OK, I am sold. I have the great Neeme Jarvi set along with the Kitayenko set, both offer the 2 versions. I just listened to some of the 4th on YT,,,there is indeed some typical excellent Prokofiev lyricism to be found. I must have been ina hyped critical mode back when I last heard it. I love all things Prokofiev, so I shocked myself in hyper criticism of his 4th,,and just chucked it off. 
It does meander at times you must admit?


----------



## paulbest (Apr 18, 2019)

Hate to open up yet another attack on Prokofiev,,,but this has been on mind for some time now, His 1st VC, the opening 3 minutes,,,very awkward lines, you must admit.

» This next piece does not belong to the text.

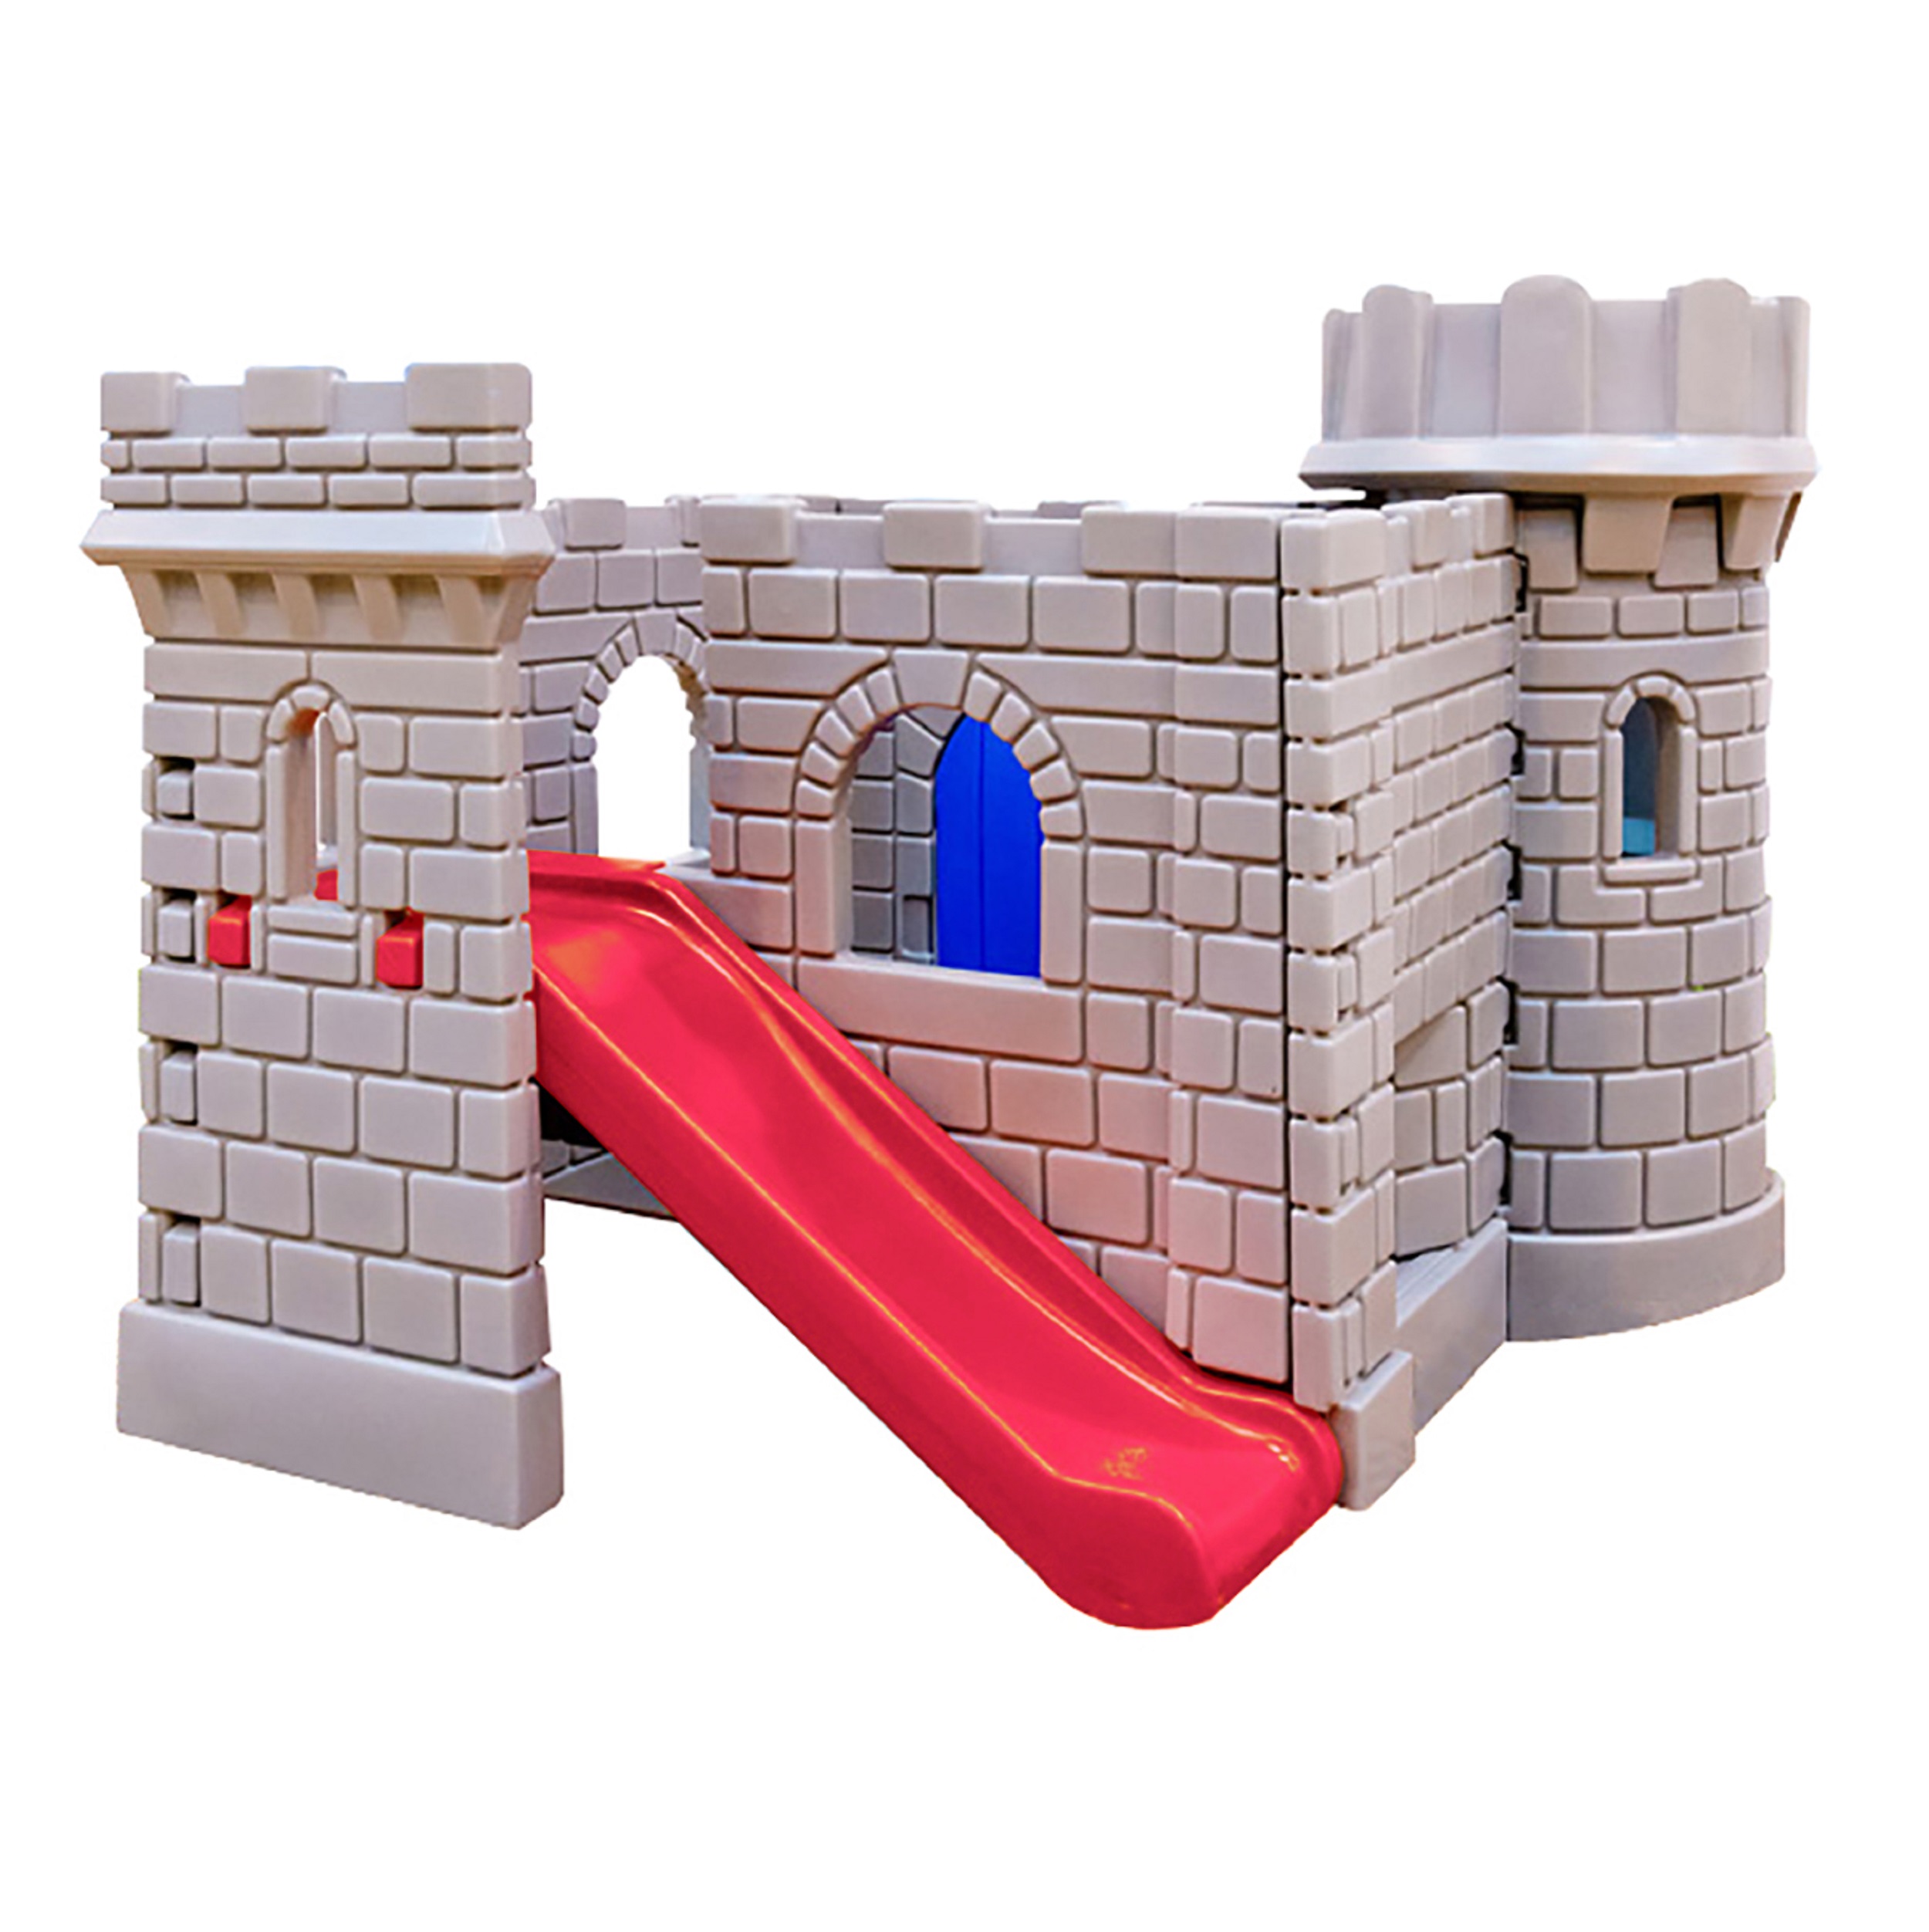 Little Tikes Classic Castle Jungle Gym Playhouse - image 1 of 6

Even the great David Oistrakh takes the opening very carefully as if in a surgical operation..which makes the opening seemingly too docile, even weak. 
His 2nd VC is the greater and I ahrdly ever listen to the 1st.
Its not a great concerto you must admit.


----------



## Art Rock (Nov 28, 2009)

paulbest said:


> Its not a great concerto you must admit.


For me it is, and I like it better than the second.


----------



## mbhaub (Dec 2, 2016)

Geez, I wish I had all day to reply to some of these comments.



Fritz Kobus said:


> Orff should have scratched Carmina Burana.


Why the hell would he do that? He was so proud of it (and rightly so IMO) that he told his publisher, Schott, that all of his prior works should be discarded and Camina considered his Opus 1. It is easily one of the most recognizable works in the entire literature, and perhaps the single most popular work written in the entire 20th c.



Merl said:


> Tchaikovsky 1812 and Manfred. One awful and one boring.


"1812", for all its garishness and bombast is a strikingly original work - from a technical standpoint it demonstrates Tchaikovsky's mastery of harmony, counterpoint, modulation, orchestration...it's really a superbly written work. It's hard to play, too - this is not for amateurs. It's not on my favorites list, but don't dismiss it entirely. It served a function and the composer rose to the occasion spendidly.

Manfred boring? Not for me. Are there boring recordings? Yes. But there are some that are just thrilling. But to each his own. I do wish that fugue in the finale had been left out. Other than that, it's one of my absolute favorite Tchaikovsky works.



paulbest said:


> Prokofiev's 4th


Prokofieff took a while to come to terms with the symphony. The 2nd was his first real attempt, and strove to avoid the traditional format. The 3rd and 4th were hampered by their derivations from an opera and a ballet. Only in the 5th did he finally write a truly great symphony, followed by a 6th which some people think is even greater. There are a lot of composers whose best work can't even rise to the level of the 4th. And it's a hoot to play! (2nd ver). Very challenging, but very rewarding. The scoring is brilliant.


----------



## CnC Bartok (Jun 5, 2017)

I would have liked Britten to scratch the Serenade for tenor, Horn and Strings.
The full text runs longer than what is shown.